What do your liver, stomach and heart have in common with a fish?
It might sound like a tricky trivia night question but according to Curtin palaeologist and evolutionary biologist, John Curtin Distinguished Professor Kate Trinajstic, the answer is: probably more than you realise.
For more than thirty years, Professor Trinajstic from the School of Molecular and Life Sciences has been searching for clues about how vertebrates, including humans, evolved, helping to piece together the story of our origins.
Placoderm fish
While one breakthrough might be enough to define a career, Professor Trinajstic’s research has contributed to several milestones in our understanding of evolution.
Her work is centred on the placoderm fish – an extinct class of armoured fish that are among Earth’s earliest jawed vertebrates.

Credit: Brian Choo/Swiss Journal of Palaeontology
Placoderms once ruled the ancient seas, including the tropical reef systems that existed in what is now Western Australia’s Kimberley region, before a mass extinction wiped them out.
Fortunately for scientists, those reefs left behind an extraordinary fossil record, and millions of years later, they would become part of what is now known as the Gogo Formation.
Few fossil sites hold evidence as clearly as the Gogo Formation, where ancient fish have revealed everything from internal organs to the earliest evidence of live birth.
“When we think of our evolutionary origins, ancient fish are probably not the first animals that come to mind,” Professor Trinajstic said.
“We often picture our closest relatives, such as chimpanzees or other primates, but many of the anatomical features humans have today, including our jaws, stomach and paired limbs, can be traced back to the jawed fish – like the placoderm.”
In 2022, Professor Trinajstic and her collaborators made international headlines after identifying the oldest known 3D preserved heart from a jawed vertebrate found in the Gogo Formation.

Hidden inside a 380-million-year-old placoderm, the fossil offered the first detailed view of a vertebrate heart in remarkable detail.
And it wasn’t the only surprise.

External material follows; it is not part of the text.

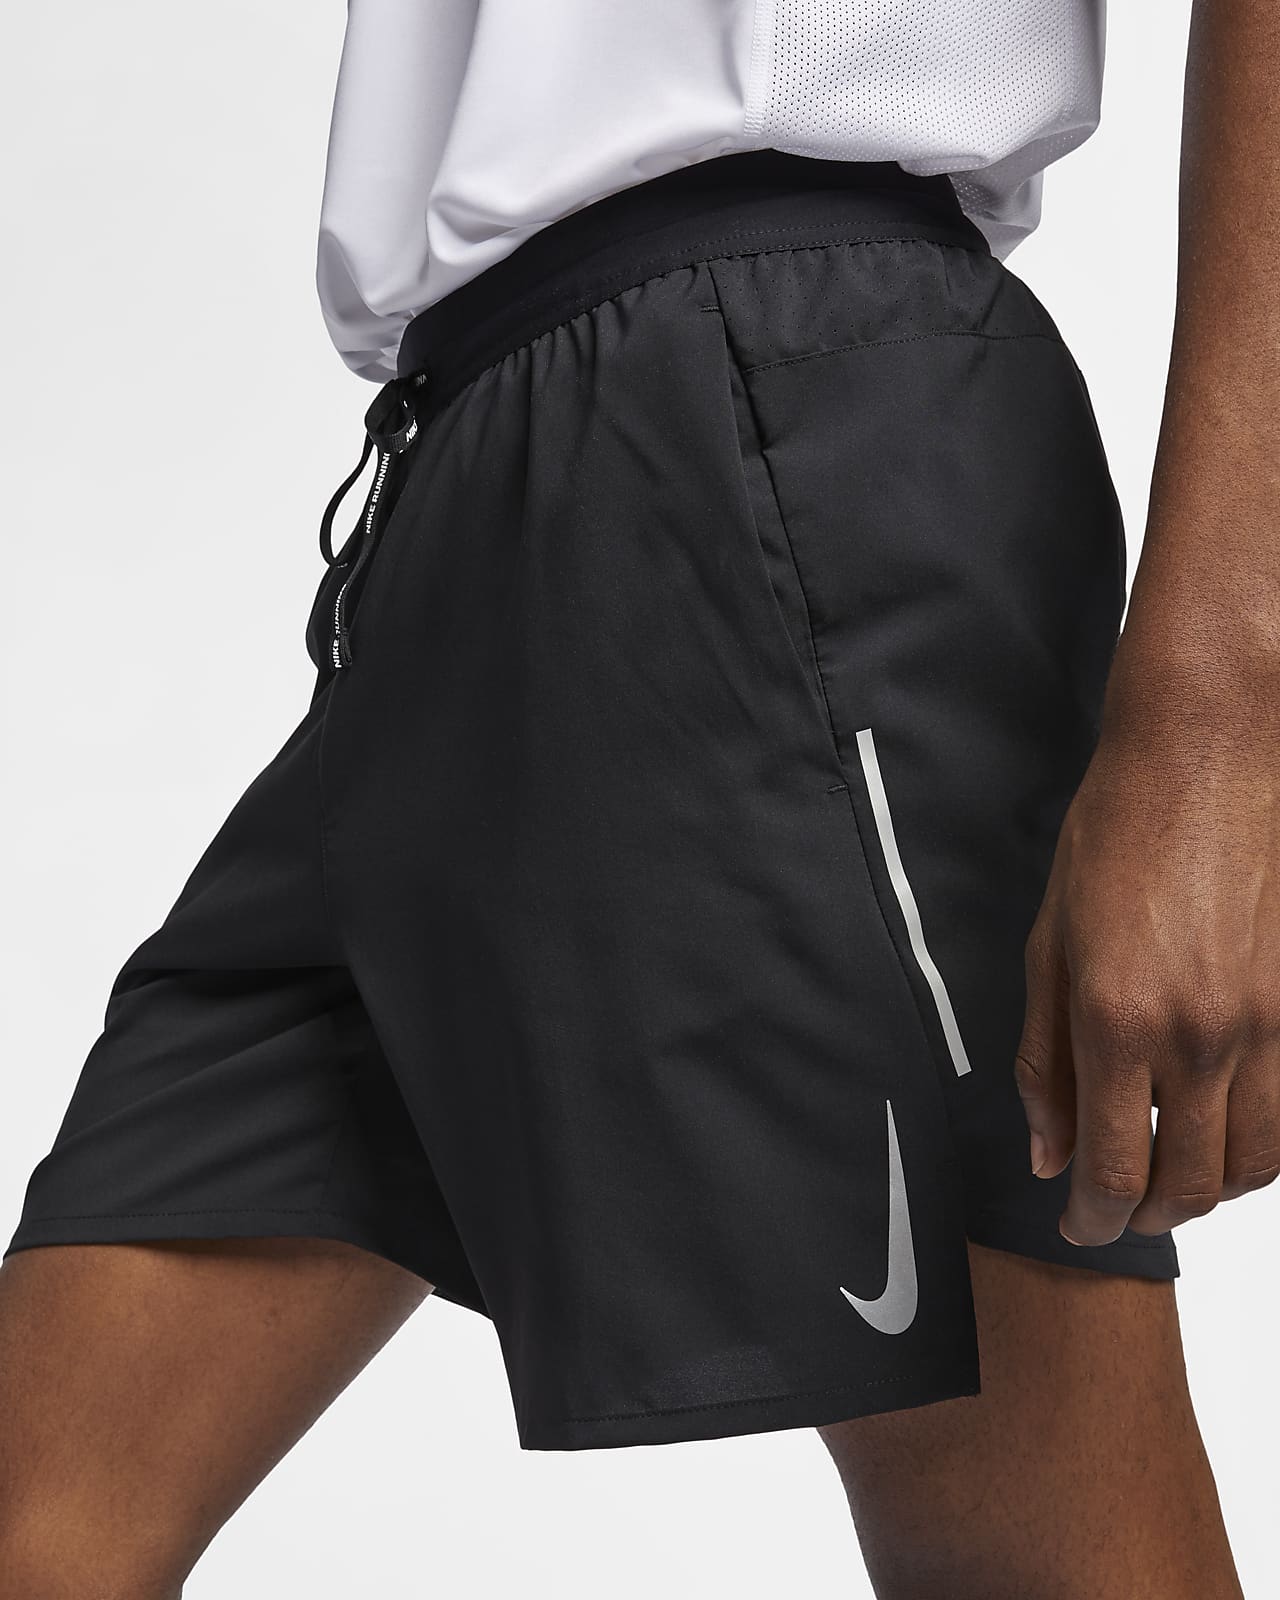 nike running shorts with zipper in back

The team also found a perfectly preserved stomach and liver, revealing internal anatomy that is rarely recovered in fossils.
“For the first time, we saw how several major organs of a jawed fish were arranged together inside a jawed fish, and we were especially surprised to learn that they were not so different to us,” Professor Trinajstic said.

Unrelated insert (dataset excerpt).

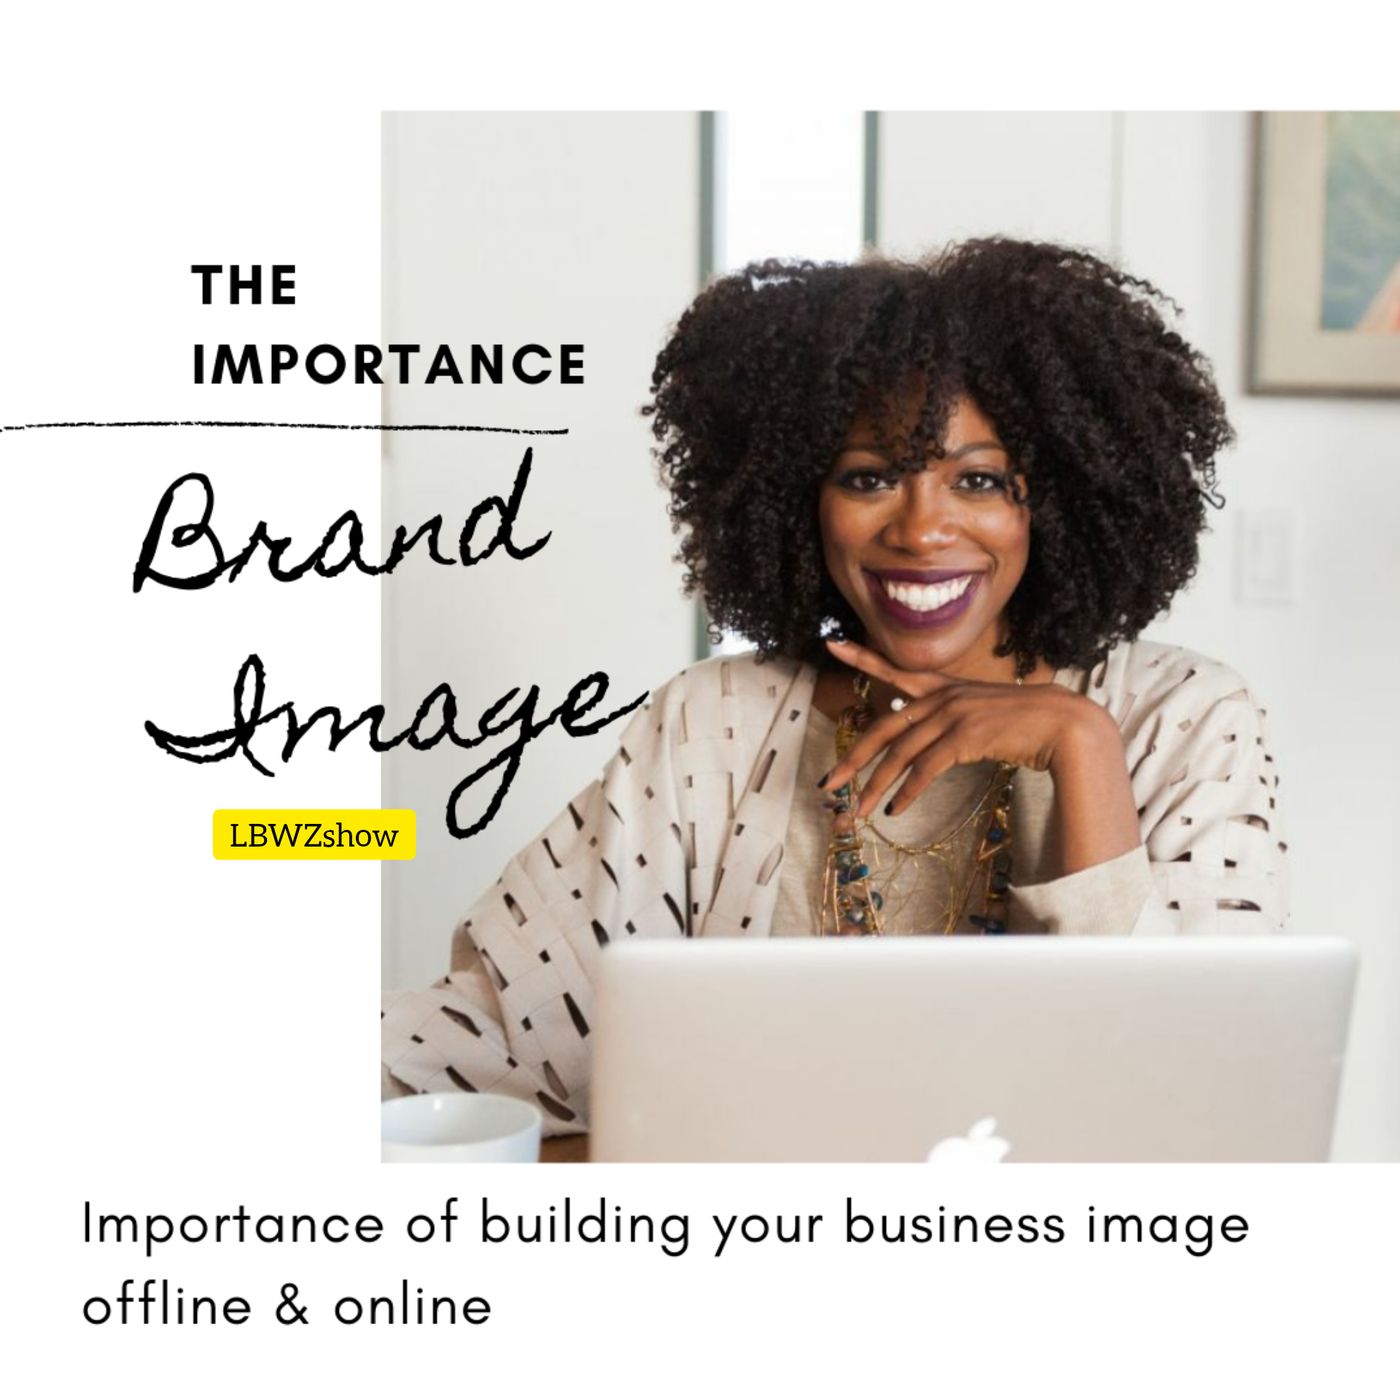 The importance of building your business image offline and online

The find was only made possible by utilising sophisticated imaging technology including synchrotron scanning at the European Synchrotron Radiation Facility (ESRF) in France and neutron tomography at the Australian Nuclear and Science Technology Organisation (ANSTO) in Sydney, which allowed them to look at the fossil non-destructively, while still embedded in the rock.

“In the past, the only way to get rock away from a fossil sample was to either manually cut the rock away or put it in acid,” Professor Trinajstic said.

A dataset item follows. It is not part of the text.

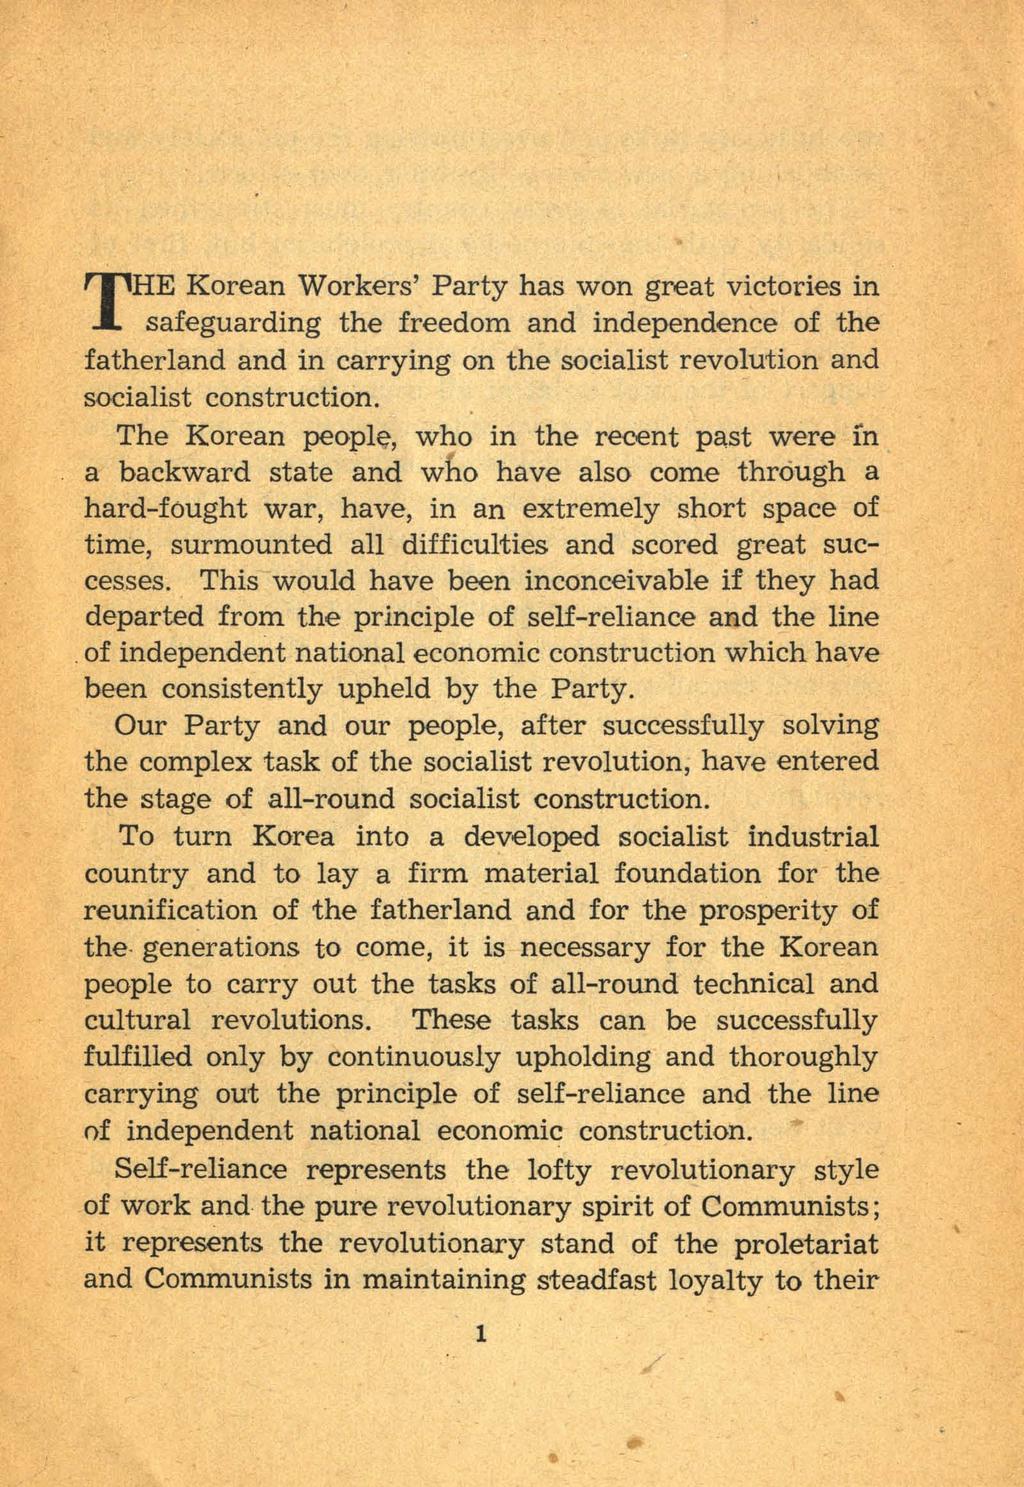 THE Korean Workers' Party has won great victories in safeguarding the freedom and independence of the fatherland and in carrying on the socialist revolution and socialist construction.

“However, both techniques would destroy any soft tissue preservation.”
“Not only that but soft tissue usually decays long before it gets the chance to fossilise, so this was an incredibly rare find.”
“It’s a unique window into a critical stage in the evolution of the vertebrate body.”
“What you look like inside can be traced back hundreds of millions of years – far earlier than we ever thought,” Professor Trinajstic said.
A fishy surprise
One of the earliest breakthroughs she contributed to came in 2008, when a team led by Professor John Long from Flinders University uncovered the earliest known evidence of live birth in vertebrates.
While the fossilised heart would later capture global headlines, Professor Trinajstic said the embryo discovery remains one of the most surprising moments of her career.
The fossil revealed that vertebrates gave birth to live young far earlier than scientists had previously thought.
“It was so unexpected that colleagues didn’t believe us at first,” Professor Trinajstic said.
“The heart was a great find, but we knew jawed vertebrates had a heart – we had just never seen it in such detail before. But the embryo came as a complete surprise to us.”
Still more to discover
For Professor Trinajstic, it’s all part of a much larger story.
“One answer leads to five more questions,” Professor Trinajstic said. “That’s the exciting thing about science, though.”
Whether she’s revealing the earliest evidence of live birth, or uncovering ancient organs, each new find has added another piece to the puzzle of our evolutionary history.
So, if ever this question pops up at a trivia night, you’ll know the answer in remarkable detail.